After all the measurements are performed subjects return home with a smart knee
brace for a day (i.e. 8 hours) of ambulatory datarecording. Besides the
kneebrace a CAM activity monitor is used in this study. The CAM will measure
activity in daily life for 7 days in a row. Subjects will receive all
information of both ambulant systems at the end of the measurements in the
laboratory of human movement sciences. The knee brace and CAM activity monitor
is picked up again by one of the researchers after the measurement period for
data-analysis.
Study burden and risks
Subjects will be tested in the Motion Laboratory through the Biodex system
requiring them to maximally apply force in an isometric setting. These tests
have been widely accepted as applicable when testing MVC. The risks involved
are minimal and could be some muscle soreness the next few days. No other risks
are involved or otherwise described in other studies. Next 3D-motion analysis
is performed, which requires preferred walking speed, getting up from a chair
en walking a one step stairs with side-bars. The entire walking surface is
flat, the room is fully lighted and a research-assistant will help the subjects
in performing the tests at all times. Otherwise there are no risks involved.

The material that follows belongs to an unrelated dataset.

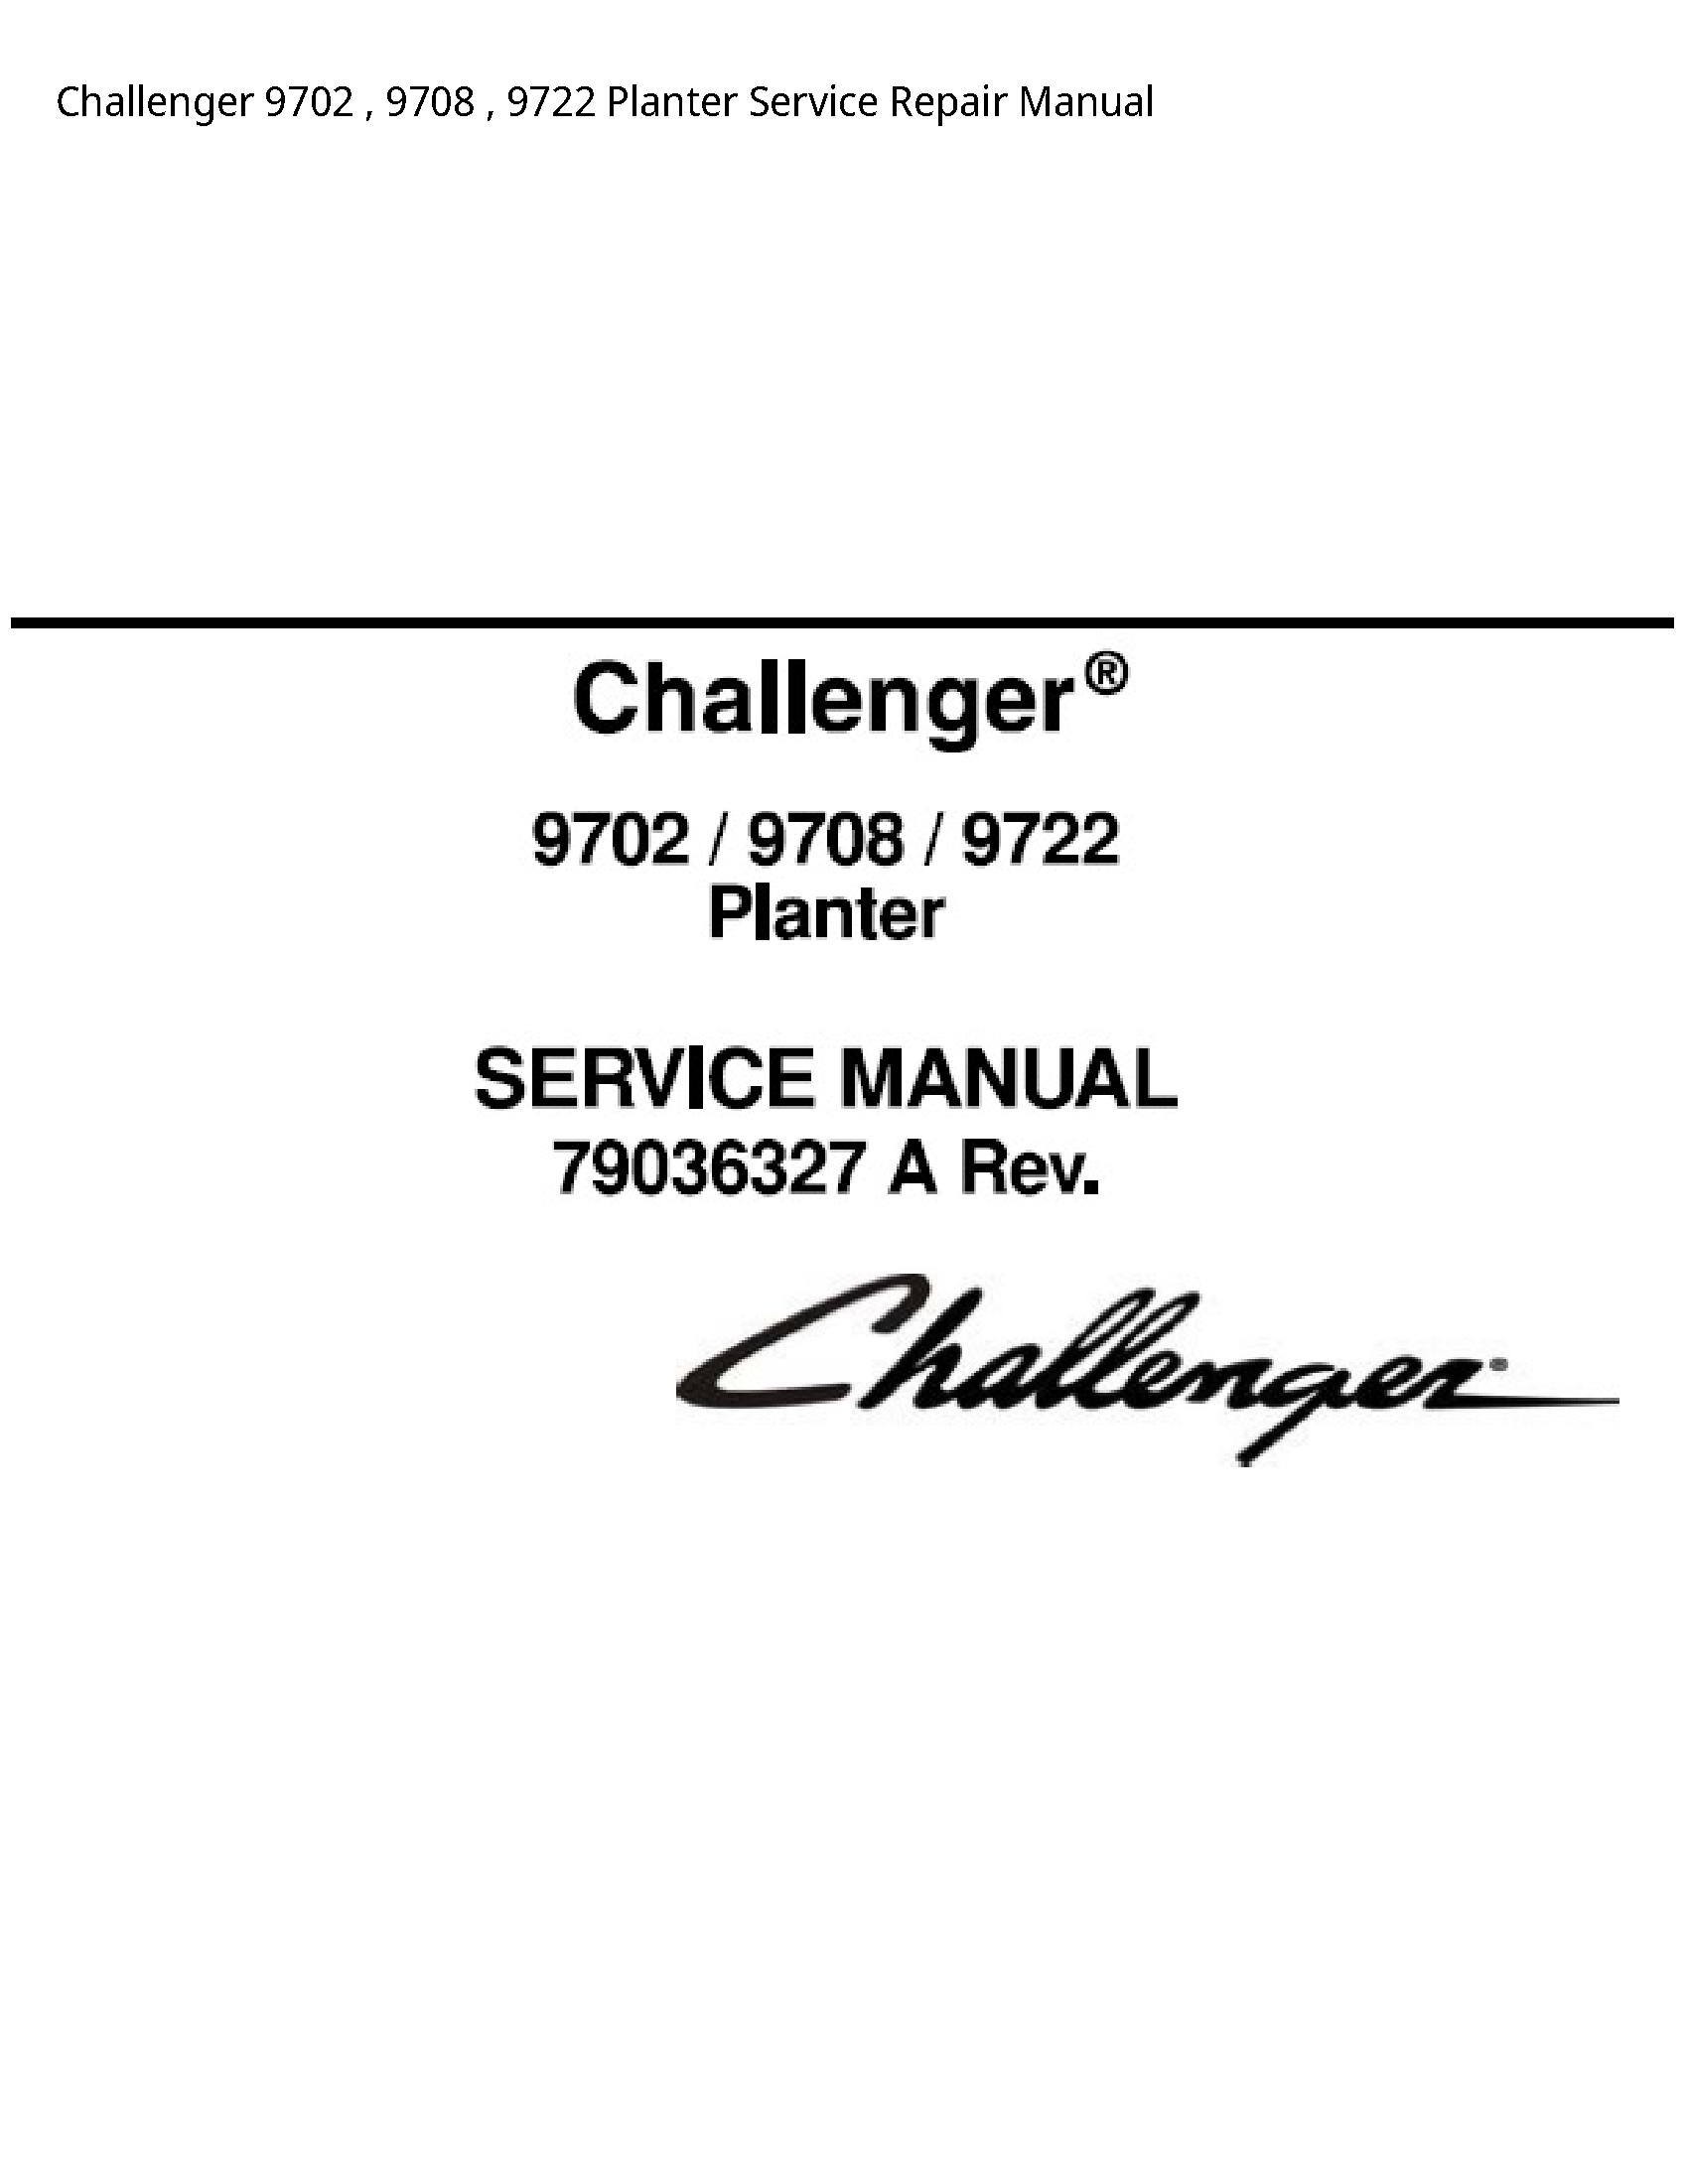 Challenger 9702 Planter manual

EMG measurement only requires shaving of the skin if necessary. We ask about
allergies before applying the stickers and using chloorhexidine. There are no
risks involved in EMG measurement. Next a MRI scan is performed. This requires
lying down very still from a subject for about an hour. The Radiology
department will assist in preparing the subject and explaining the protocol.
All metal objects are removed from the subject. The potential risks involved
could be previously not mentioned claustrophobia. If this ought to be an acute
problem to the subject, then subjects as well as the MRI-performing
radiology-assistant are allowed to withdraw from testing at all times!
Otherwise we conclude there are no other risks involved.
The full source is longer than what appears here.